The country's now in all its pride,
Now dressed in lovely green,
The earth with many colours dyed.
Displays a lovely scene.
Ten thousand pretty flowers appear,
To deck the little children's hair,
Fa-la-la-la, fa-la.

Song of Spring
Illustration by F.D.Bedford

Origin

Song of Spring was first printed in A Book of Nursery Songs and Rhymes (1895). It appears there as “XXXII. Song of Spring,” directly followed by “XXXIII. Winter Song [1],” showing they were intended as companion pieces for the seasons.
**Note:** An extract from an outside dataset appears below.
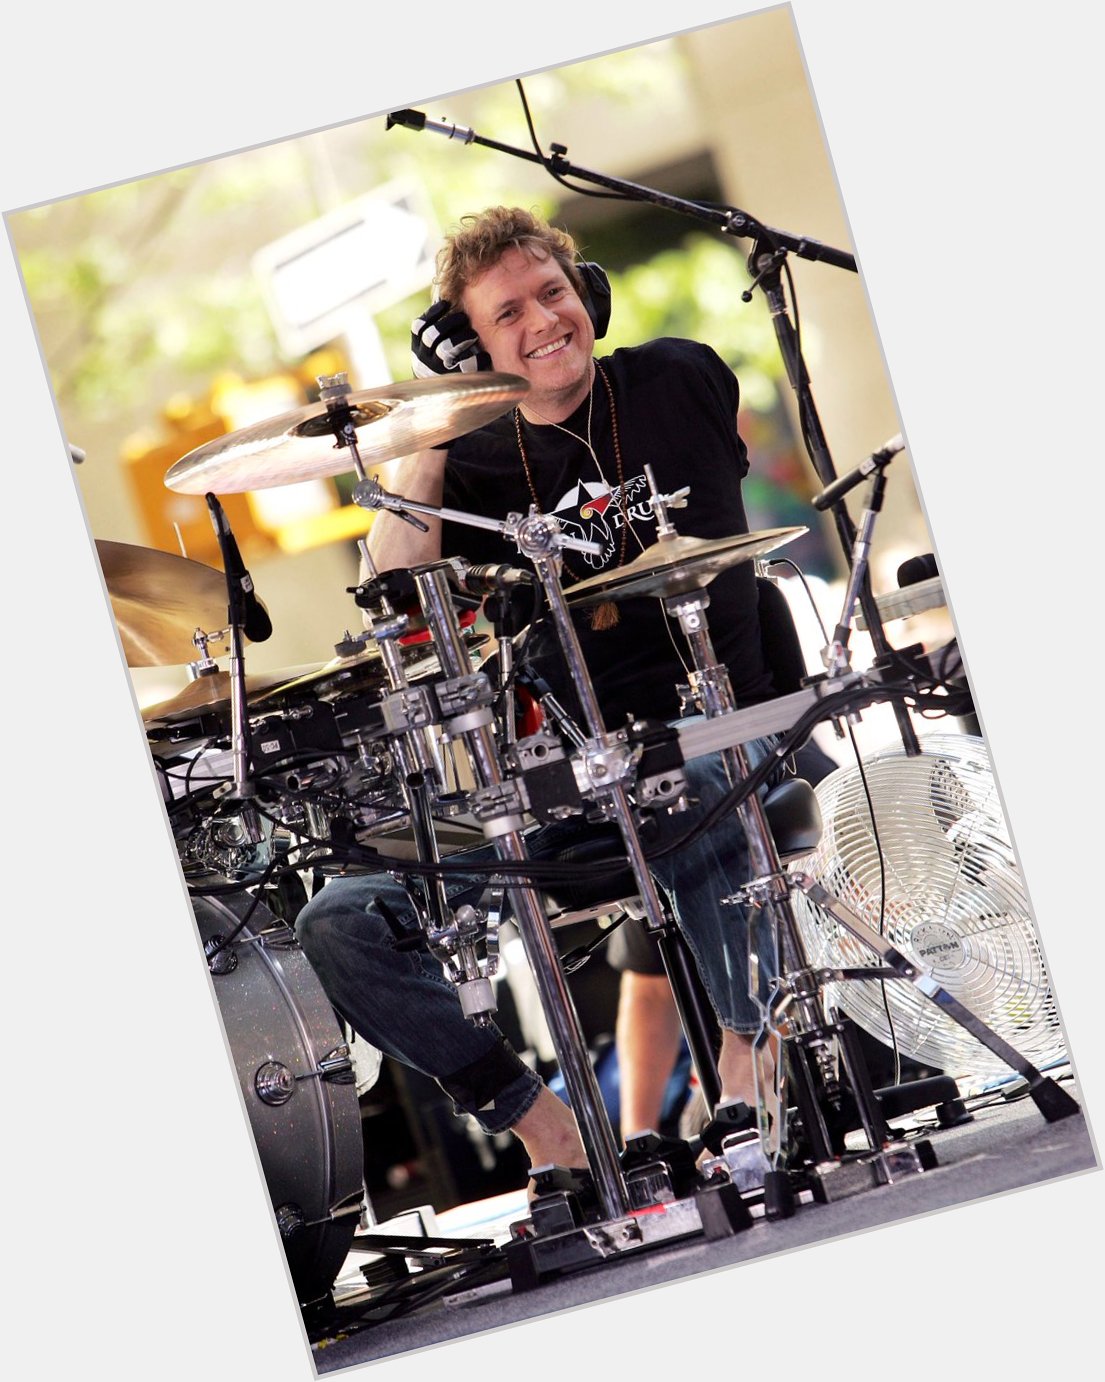 Also Happy Birthday to drummer Rick Allen, born this day in 1963

Later illustrated editions included drawings by F. D. Bedford, pairing the text with pastoral springtime scenes.

Full Version

The country’s now in all its pride,
Now dressed in lovely green,
The earth with many colours dyed,
Displays a lovely scene.
Ten thousand pretty flowers appear,
To deck the little children’s hair,
Fa-la-la-la, fa-la.

The cuckoo’s picked up all the dirt.
The trees are all in bloom.
If pleasant music may divert,
Each bush affords a tune.
The pigeon sings in every grove.
And milkmaids warble songs of love.
Fa-la-la-la, fa-la.

Come out into the cowslip-meads.
The pleasant wood and spring.
And listen in the beeches’ shades
Where nightingale doth sing.
Sweet nightingale whose warbling throat,
Far, far excels my sorry note.
Fa-la-la-la, fa-la.

Meaning

Unlike the nonsense jingles common in nursery lore, Song of Spring reads more like a gentle Victorian children’s lyric. It celebrates the countryside in full bloom: green fields, flowers for children’s hair, cuckoos, pigeons, milkmaids, and the nightingale. The repeated “Fa-la-la-la” marks it as a song, meant to be sung rather than recited.

 

Victorian editors often blended traditional rhymes with newly written verses that fit the nursery. Song of Spring is one of these polished pastoral pieces. Its imagery—cowslip meadows, cuckoo calls, nightingales—reflects the 19th-century ideal of childhood innocence tied to nature. Grouping it with a Winter Song also shows the didactic aim: teaching children to notice and value the turning of the seasons.